*** Opening of DATA FOR THE TASK ***

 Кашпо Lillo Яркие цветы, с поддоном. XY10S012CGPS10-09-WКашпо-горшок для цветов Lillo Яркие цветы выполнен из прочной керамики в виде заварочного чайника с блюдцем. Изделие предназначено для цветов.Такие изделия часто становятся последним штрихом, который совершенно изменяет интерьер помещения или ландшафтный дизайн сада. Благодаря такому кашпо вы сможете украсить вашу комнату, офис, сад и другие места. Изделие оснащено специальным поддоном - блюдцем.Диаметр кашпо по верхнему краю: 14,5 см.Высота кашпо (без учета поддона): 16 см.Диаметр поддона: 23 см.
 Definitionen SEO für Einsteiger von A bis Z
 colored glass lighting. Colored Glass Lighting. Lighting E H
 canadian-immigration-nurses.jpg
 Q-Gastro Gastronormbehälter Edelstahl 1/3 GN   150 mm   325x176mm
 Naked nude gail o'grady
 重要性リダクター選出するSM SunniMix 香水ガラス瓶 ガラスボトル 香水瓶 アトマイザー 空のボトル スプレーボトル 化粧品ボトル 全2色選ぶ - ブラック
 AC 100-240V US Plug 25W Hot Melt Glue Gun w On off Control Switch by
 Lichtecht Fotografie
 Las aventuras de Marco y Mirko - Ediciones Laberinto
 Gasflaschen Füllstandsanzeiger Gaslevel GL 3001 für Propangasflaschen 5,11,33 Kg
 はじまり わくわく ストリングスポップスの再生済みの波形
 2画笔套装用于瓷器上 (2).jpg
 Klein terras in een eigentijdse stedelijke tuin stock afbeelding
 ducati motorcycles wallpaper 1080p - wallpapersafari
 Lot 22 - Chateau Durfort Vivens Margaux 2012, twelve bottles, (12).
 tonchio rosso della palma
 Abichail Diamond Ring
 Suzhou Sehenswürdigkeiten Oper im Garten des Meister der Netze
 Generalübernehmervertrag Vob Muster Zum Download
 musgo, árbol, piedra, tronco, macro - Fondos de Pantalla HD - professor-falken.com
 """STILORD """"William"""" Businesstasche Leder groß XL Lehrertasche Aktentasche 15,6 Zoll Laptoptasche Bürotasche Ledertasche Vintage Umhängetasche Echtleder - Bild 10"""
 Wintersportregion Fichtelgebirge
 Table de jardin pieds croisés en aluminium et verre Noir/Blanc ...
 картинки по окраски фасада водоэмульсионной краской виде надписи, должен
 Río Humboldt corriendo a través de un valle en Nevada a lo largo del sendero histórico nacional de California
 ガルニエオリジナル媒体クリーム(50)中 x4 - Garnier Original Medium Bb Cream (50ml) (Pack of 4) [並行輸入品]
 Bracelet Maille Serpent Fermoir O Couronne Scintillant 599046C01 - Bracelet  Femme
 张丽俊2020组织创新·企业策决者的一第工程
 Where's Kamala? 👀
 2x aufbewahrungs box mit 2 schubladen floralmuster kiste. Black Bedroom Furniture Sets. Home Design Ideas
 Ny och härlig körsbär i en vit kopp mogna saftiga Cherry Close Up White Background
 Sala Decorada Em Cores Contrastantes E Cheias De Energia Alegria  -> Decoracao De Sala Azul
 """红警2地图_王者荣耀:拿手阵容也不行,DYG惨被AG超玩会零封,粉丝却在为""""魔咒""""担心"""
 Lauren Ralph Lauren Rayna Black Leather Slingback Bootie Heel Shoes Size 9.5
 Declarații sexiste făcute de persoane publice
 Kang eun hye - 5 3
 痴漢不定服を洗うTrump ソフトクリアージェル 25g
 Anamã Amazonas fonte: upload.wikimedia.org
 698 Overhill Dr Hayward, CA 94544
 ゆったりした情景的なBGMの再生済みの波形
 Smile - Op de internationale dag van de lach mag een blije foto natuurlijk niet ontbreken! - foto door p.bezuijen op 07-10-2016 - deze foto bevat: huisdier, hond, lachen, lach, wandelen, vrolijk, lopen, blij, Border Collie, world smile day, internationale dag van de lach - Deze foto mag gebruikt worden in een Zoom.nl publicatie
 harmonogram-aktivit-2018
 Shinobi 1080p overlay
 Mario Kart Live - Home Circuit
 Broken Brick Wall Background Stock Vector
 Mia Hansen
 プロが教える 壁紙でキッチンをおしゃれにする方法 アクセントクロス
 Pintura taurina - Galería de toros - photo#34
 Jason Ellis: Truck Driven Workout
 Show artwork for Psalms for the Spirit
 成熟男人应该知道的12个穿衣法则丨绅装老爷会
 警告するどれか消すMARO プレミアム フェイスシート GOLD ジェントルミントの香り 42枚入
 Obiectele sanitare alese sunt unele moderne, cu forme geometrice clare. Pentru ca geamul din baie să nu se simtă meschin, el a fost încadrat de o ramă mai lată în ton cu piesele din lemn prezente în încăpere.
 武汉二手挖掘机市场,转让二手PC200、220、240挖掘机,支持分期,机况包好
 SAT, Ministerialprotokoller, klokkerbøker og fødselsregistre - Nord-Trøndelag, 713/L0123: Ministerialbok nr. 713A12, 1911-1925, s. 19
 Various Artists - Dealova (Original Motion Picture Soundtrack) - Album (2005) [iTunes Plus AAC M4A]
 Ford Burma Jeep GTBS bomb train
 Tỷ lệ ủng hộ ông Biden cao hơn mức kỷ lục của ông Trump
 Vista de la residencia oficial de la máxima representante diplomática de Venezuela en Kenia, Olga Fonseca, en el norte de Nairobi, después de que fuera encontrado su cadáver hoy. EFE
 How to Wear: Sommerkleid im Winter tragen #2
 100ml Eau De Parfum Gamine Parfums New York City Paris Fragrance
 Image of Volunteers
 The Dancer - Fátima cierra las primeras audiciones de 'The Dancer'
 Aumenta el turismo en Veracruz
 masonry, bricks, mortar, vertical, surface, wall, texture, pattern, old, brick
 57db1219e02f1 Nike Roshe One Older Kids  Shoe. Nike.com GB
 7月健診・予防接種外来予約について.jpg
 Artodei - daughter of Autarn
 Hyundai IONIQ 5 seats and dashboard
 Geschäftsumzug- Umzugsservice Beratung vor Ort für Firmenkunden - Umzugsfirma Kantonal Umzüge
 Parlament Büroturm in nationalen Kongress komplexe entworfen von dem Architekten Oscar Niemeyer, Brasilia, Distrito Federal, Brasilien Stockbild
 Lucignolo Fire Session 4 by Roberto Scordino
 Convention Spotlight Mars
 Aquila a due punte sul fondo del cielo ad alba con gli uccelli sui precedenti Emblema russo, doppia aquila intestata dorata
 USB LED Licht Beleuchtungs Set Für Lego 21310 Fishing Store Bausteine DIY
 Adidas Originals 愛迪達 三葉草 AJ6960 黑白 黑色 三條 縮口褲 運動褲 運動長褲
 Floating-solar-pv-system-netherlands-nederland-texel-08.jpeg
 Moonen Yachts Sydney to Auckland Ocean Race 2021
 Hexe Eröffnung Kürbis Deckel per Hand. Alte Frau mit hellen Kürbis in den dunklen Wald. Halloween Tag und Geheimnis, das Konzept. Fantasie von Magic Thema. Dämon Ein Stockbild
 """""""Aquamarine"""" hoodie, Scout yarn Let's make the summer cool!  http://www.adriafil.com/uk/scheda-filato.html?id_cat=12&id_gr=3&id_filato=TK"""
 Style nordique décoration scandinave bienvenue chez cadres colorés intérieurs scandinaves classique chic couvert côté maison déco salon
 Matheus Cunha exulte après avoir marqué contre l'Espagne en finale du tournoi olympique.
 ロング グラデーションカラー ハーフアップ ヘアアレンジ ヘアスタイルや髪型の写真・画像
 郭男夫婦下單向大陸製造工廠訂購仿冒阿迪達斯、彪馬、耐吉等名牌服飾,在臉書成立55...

*** Close of DATA FOR THE TASK ***

### [WHAT YOU NEED TO DO]
Say how many lines in the entries contain the string "Stockbild", and say nothing else.

### [WRITTEN SOLUTION]
2